Bold statement from Prograis. You would have to figure if he does end up facing the Ramirez vs. Iman winner, that he will have another nice test in front of him. But you can’t blame his confidence, as he was able to dispatch Indongo in quicker fashion that one of the game’s top stars, former junior welterweight champion Terence Crawford, who stopped Indongo this past August in under three rounds. With the win, Crawford collected a multitude of belts and was wisely looked at as the man to beat at 140 pounds. But the Omaha native is now moving up in weight, as he will challenge WBO welterweight champion Jeff Horn on April 14 in Las Vegas, Nev. For the WBO welterweight title.

This leaves an opening at 140 pounds at Prograis could be the man.

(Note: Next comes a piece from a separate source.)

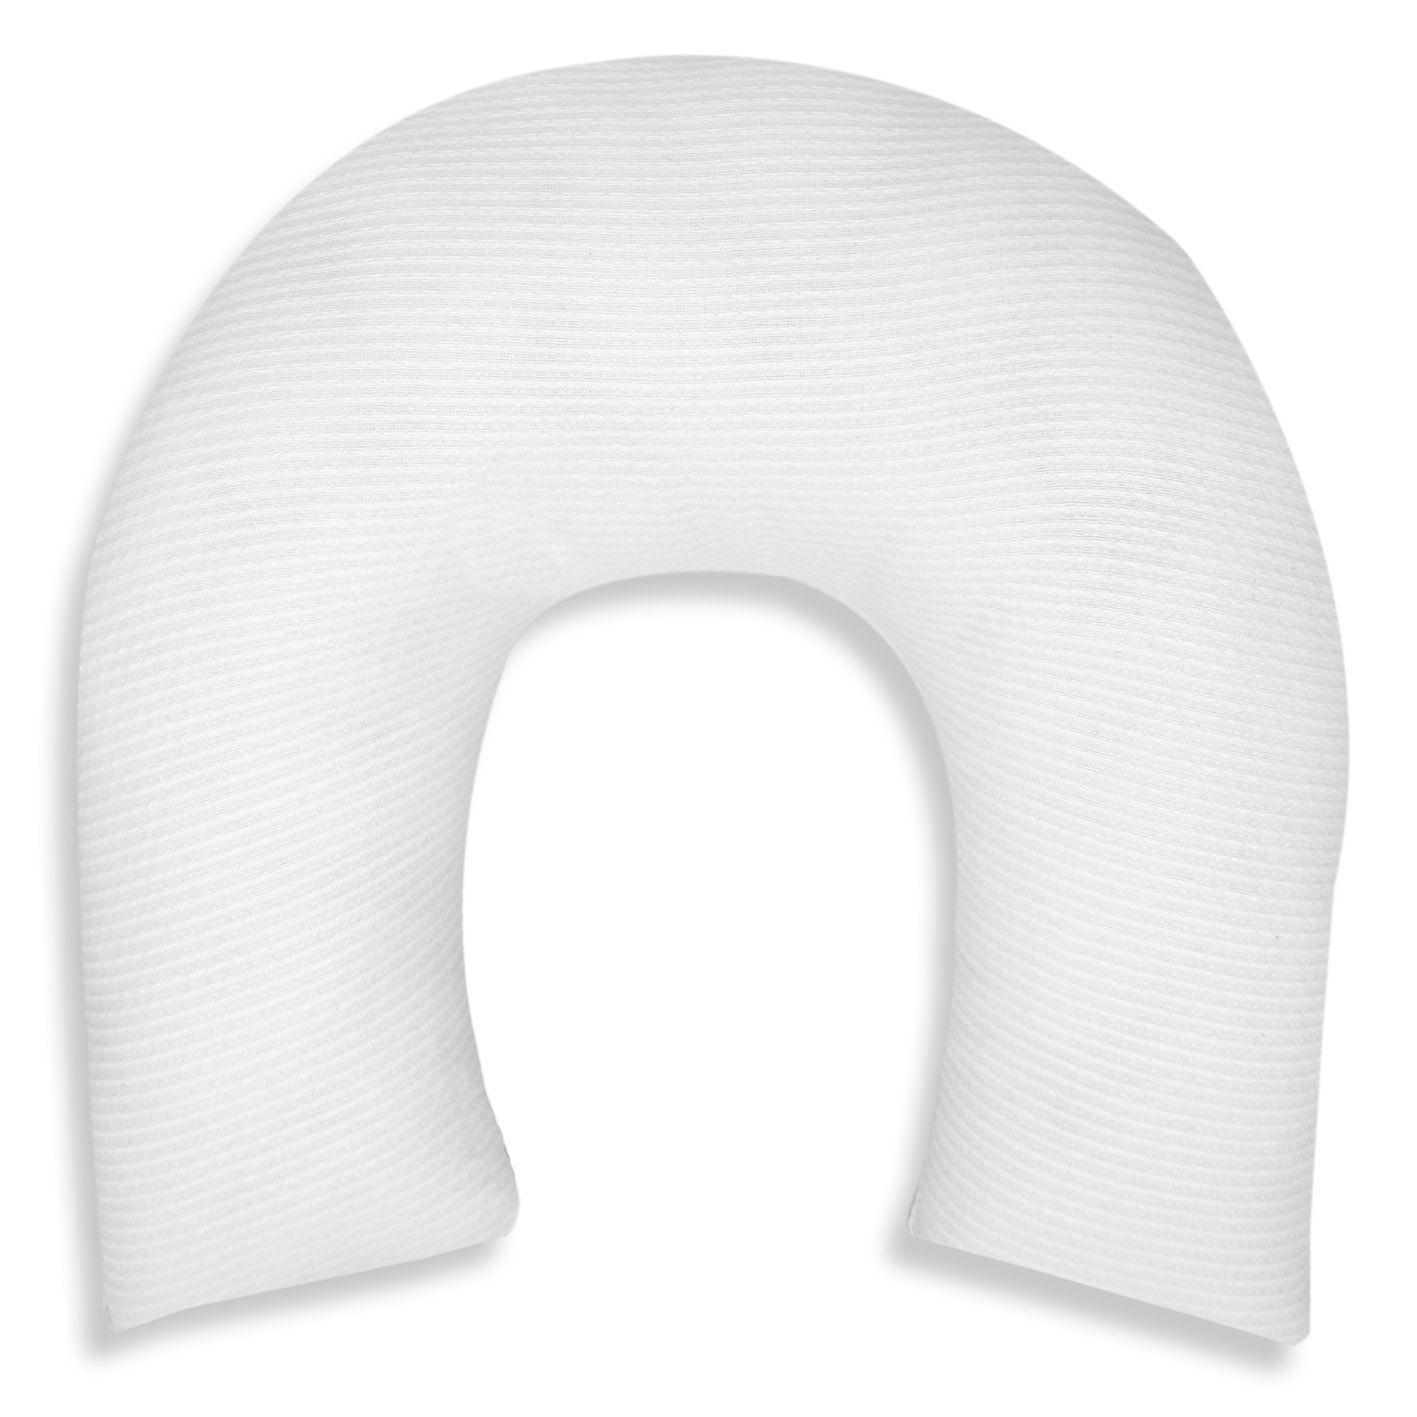 Protetor de Pescoço - Piquet Branco

Prograis is a sharp fighter with an unorthodox and dangerous style, as evidenced in how he dismantled Indongo (22-2, 11 KO’s). In the final seconds of the first round, Indongo was decked tot he canvas from a stiff jab from his younger foe. In the second, Prograis continued to attack the taller Indongo, flooring him with a huge left hand that looked like it may end the bout.

Indongo rose, only to be stampeded and dropped for a third and final time moments later. Just like that, the bout was over. Watching the action from ringside, SHOWTIME analyst Steve Farhood gave his praise.

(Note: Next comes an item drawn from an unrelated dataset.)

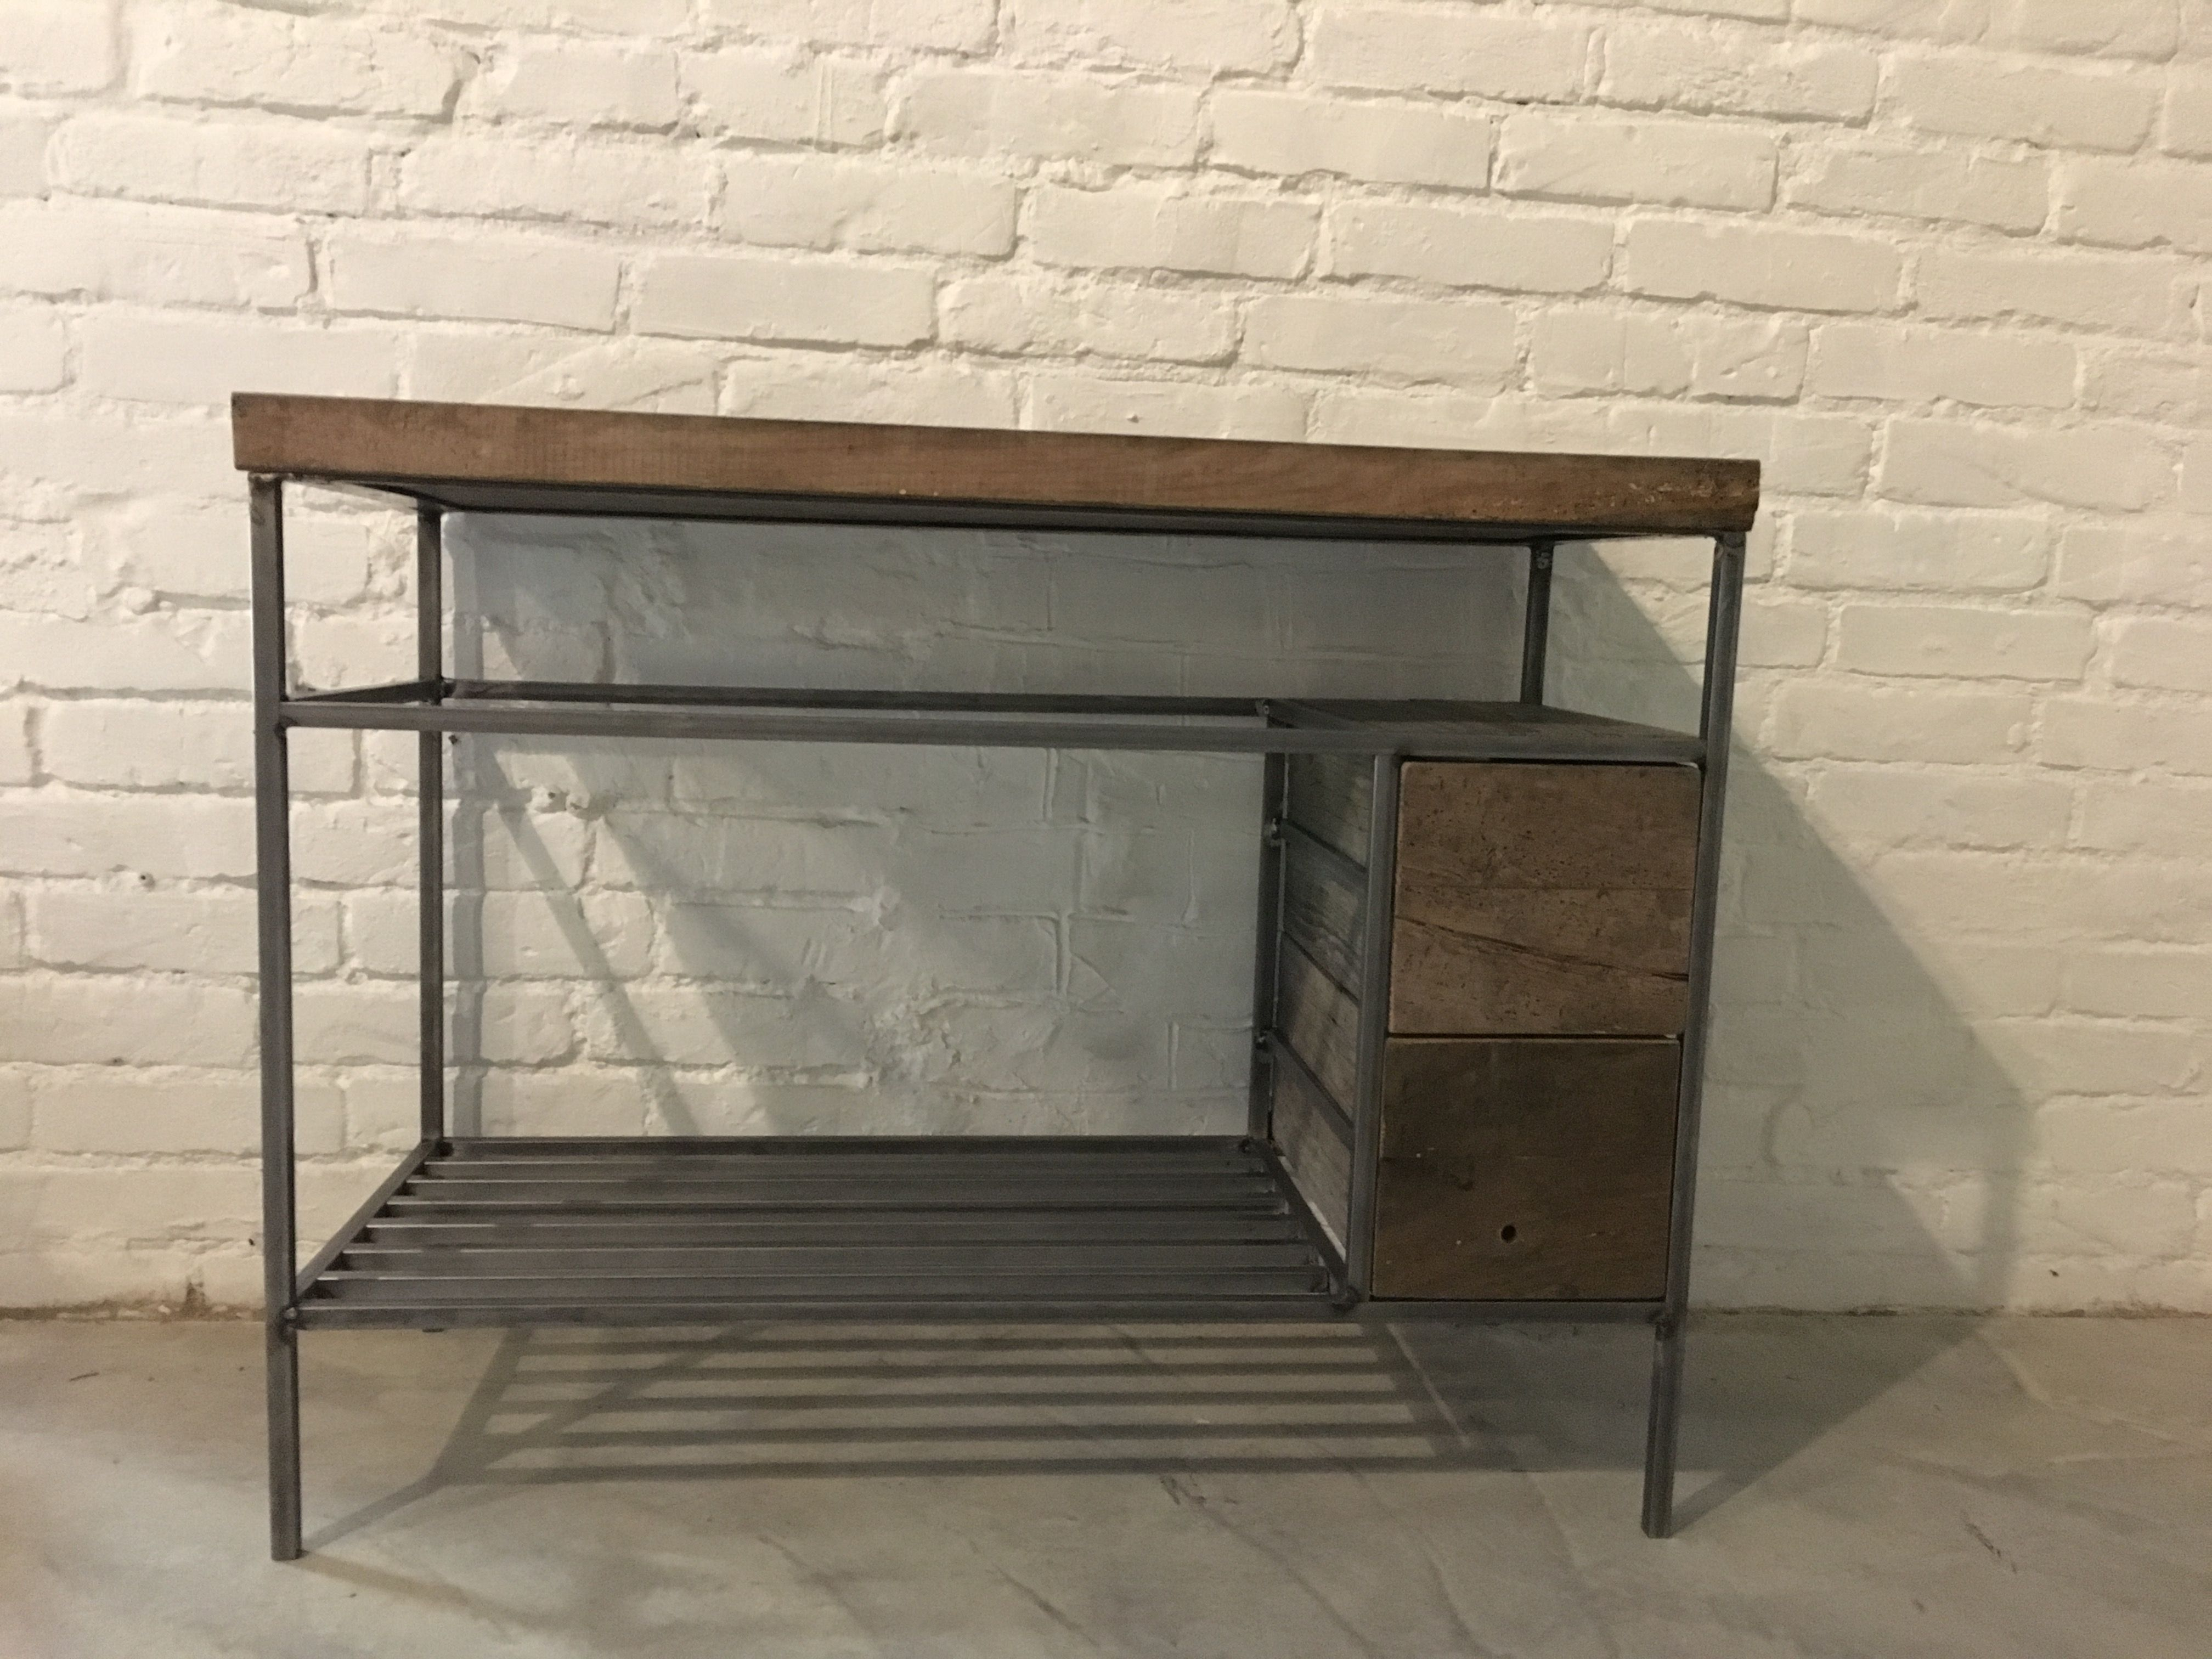 Mobili in legno antichi mobili legno vecchio tavoli in for Mobili antichi usati

“It was an awesome performance,” said the revered boxing historian Farhood. “I was surprised he finished Indongo as quickly as he did and as emphatically as he did.

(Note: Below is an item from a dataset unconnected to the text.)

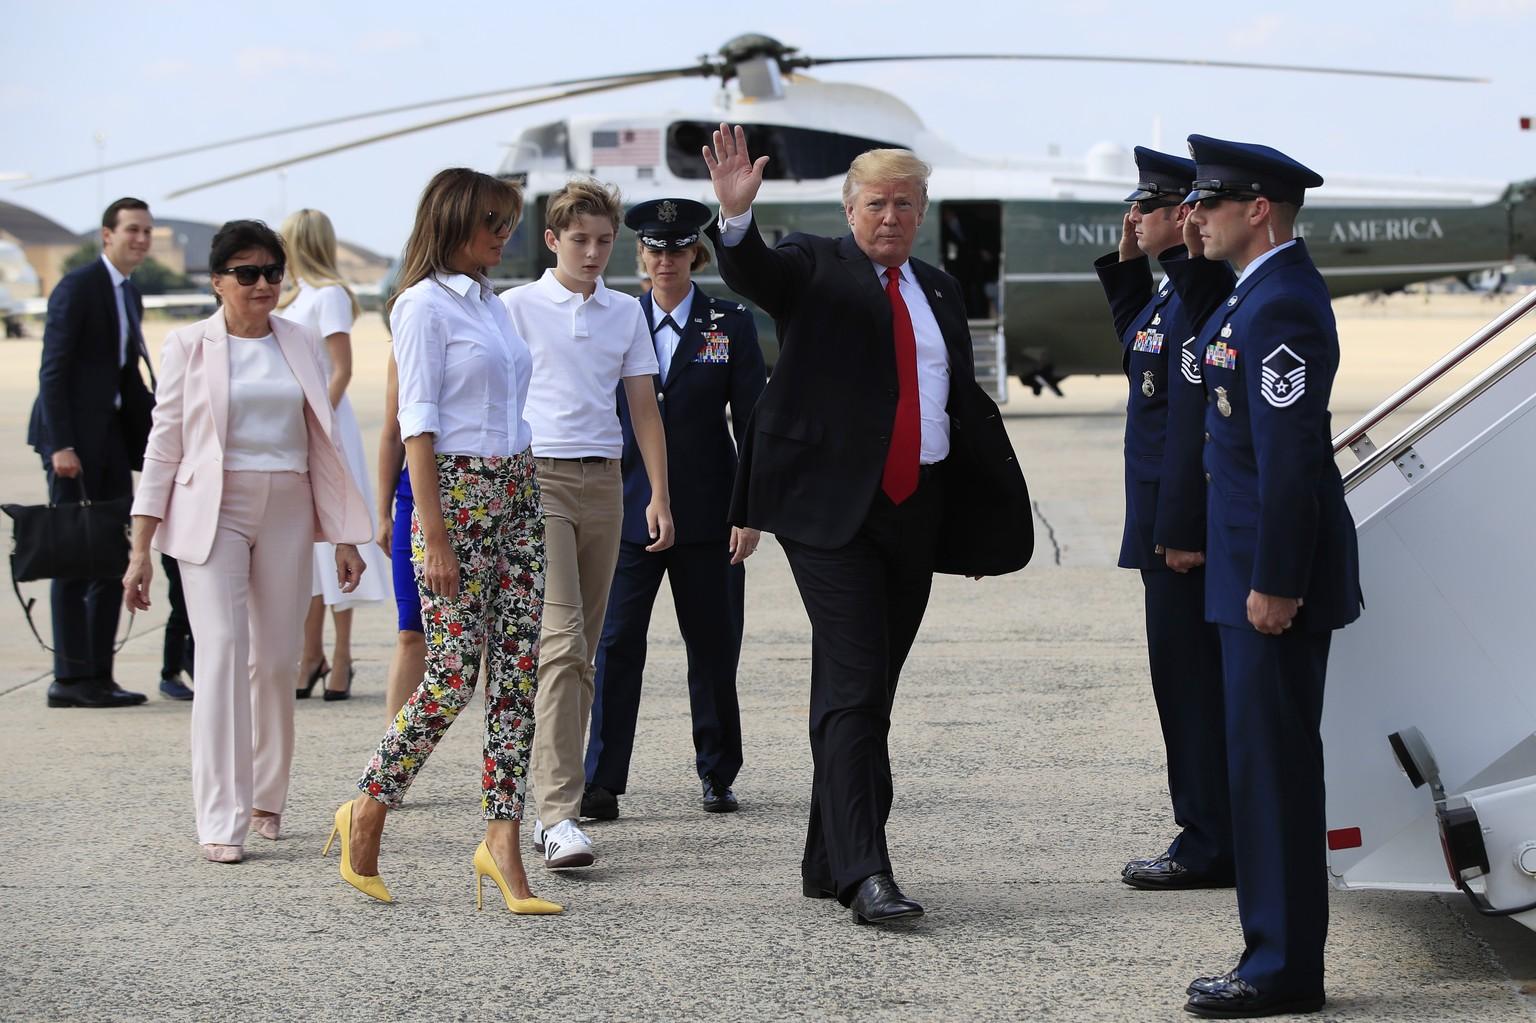 US-Präsident: Scherzanrufer zu Trump in Flugzeug Air Force One durchgestellt - USA

“I think now boxing fans know that this guy deserves to be rated among the top three or four in the 140-pound division. Because it was a such an emphatic win, all the other fights at 140, whether it’s tomorrow’s fight between Mikey Garcia and Lipinets, you got to feel like they have to answer to Regis. He deserves it.”

Mikey Garcia, the three-division champion from Oxnard, Calif., could emerge as a great foe if he can defeat IBF junior welterweight champion Lipinets tomorrow. Prograis has expressed interest in that clash in the future and the building blocks are already in place.